Gott trifft Hüttler in Vaduz

In Herbert Rosendorfers grandios-grotesken Deutschen Suite gibt es einen Hund namens Hüttler, der für die Produktion braunen Drecks zuständig und für das Entstehen des Mythos Hitler verantwortlich ist, man lese bei Rosendorfer nach.

Nun taucht Hüttler in Eckhard Henscheids neuem Buch auf, und das sogar im Titel: Gott trifft Hüttler in Vaduz – Eine kleine Kulturgeschichte. Das auftretende Personal ist Atem beraubend: da hätten wir von Goethe über Hegel, Papst Alexander VI, Verdi, Franz Beckenbauer, Helmut Kohl, Eva Braun und ihren Hüttler, Elsa von Brabant, bis zu Dapsul von Zabelthau und natürlich Gott so ziemlich alles zusammen, was irgendwie seit irgendwann kulturell Rang und Namen besitzt. Ein Hans Zippert kann – Respekt! – das Wort Testosterontestzweck fehlerfrei aussprechen, während E. Stoiber nicht einmal Franz Josef Strauß richtig hinbekommt (bei ihm heißt es nach Henscheids Beobachtung Faschjostasch), und wer mit dem Wort Kupferacetat seine Probleme hat darf auch gerne Grünspan sagen.

Mühelos schlägt der Autor einen Bogen von Kant zu Brandt (“Philosophie wohin?”) und braucht dazu gerade einmal zweieinhalb Seiten. Überhaupt sind die Kapitel des Buches von angenehmer Kürze, mehr als drei Seiten sind es nie, dafür aber konsequent mit jeweils einigen Dutzend erlesener Namen gespickt, die uns immer etwas zu sagen haben. Wo wenn nicht hier findet man L. Feuerbach und Sepp Eckardt in einem Satz? Ebenso wie Goethes Verlobte Lili Schönemann und die Kugelstoßerin Liesel Westermann? Oder Richard Wagner, Iris Berben, Johannes Heesters und – das Maß sei voll – Roberto Blanco auf einer gemeinsamen Seite?

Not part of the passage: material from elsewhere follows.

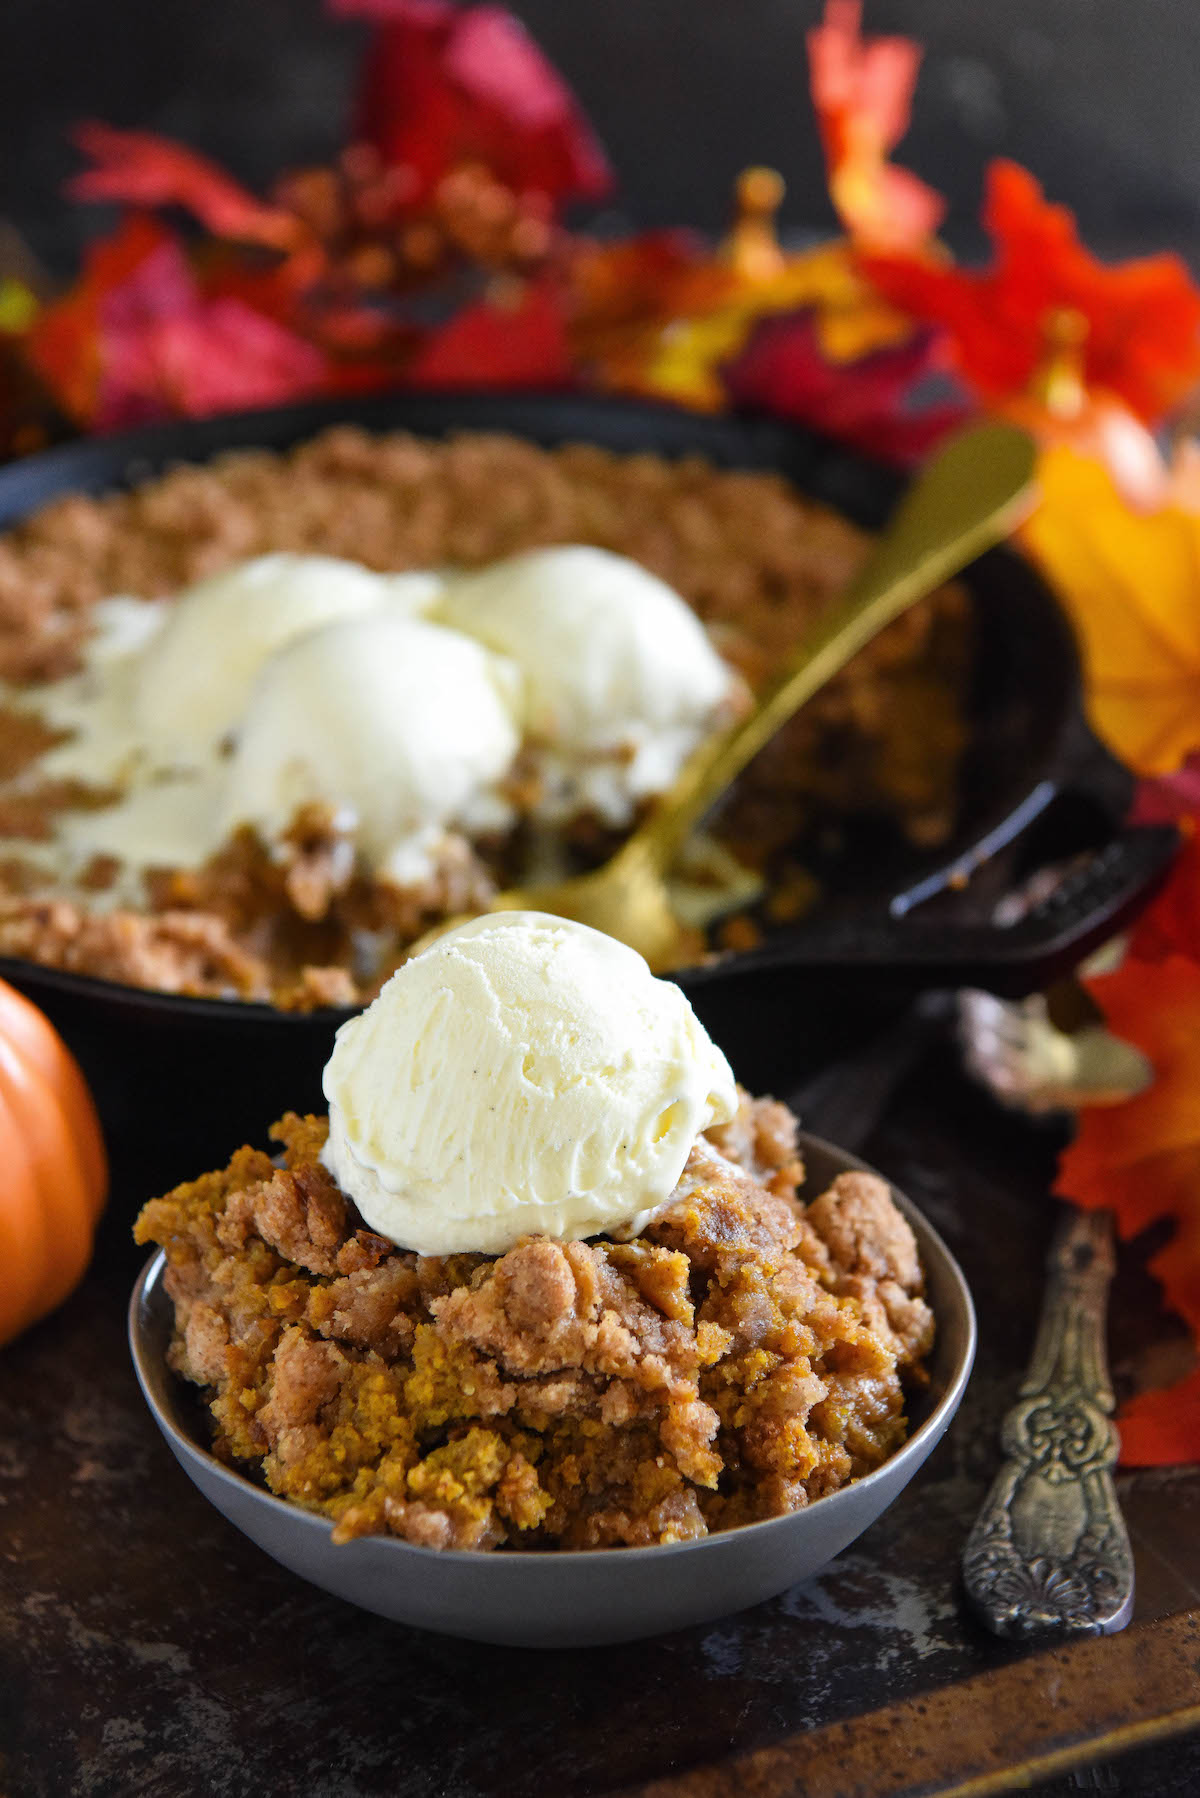 A cast iron skillet filled with pumpkin crisp and a serving in a bowl with a scoop of ice cream on top.

Henscheid zitiert gerne und sympathisch (“Friedrich Nietzsche, irgendwo“), rechnet mit eben diesem neuerlich ab, würdigt merkwürdige Rekordversuche (“Am meisten Tote innerhalb kürzester Zeit setzte es am 14.1.1900 bei der Uraufführung von Puccinis “Tosca” bzw. fast auf den Tag genau hundert Jahre vorher anläßlich der historisch modellhaften Schlacht bei Marengo. [...]Übertroffen wird das aber in gewisser Weise noch oder schon durch Altmeister Verdi, welcher im 4. Akt des Troubadour von 1853 innert von 3,5, Minuten – zack! – drei von vier Hauptpersonen ihre Seele aushauchen lässt.”) und reitet von vorne bis hinten durch das Buch parforce durch Mensch und Zeit und Raum. Das Ganze ist Henscheid gemäß urkomisch, nicht selten und erfreulich polemisch und – erwartungsgemäß – höchst unterhaltsam.  Und klüger ist man nach der Lektüre auch noch. Was will man mehr?

awb

Eckhard Henscheid ist Verfasser von Romane, Satiren, Opernführern, Kulturgeschichten und des Infantilromans “Auweia”. Er lebt heute im Amberg, Arosa und Raigering. Eine auf fünfzehn Bände geplante Werkausgabe – bisher sind zehn Bände erschienen – kommt seit 2003 bei Zweitausendeins heraus. Henscheid wird am 14. September 67 Jahre alt.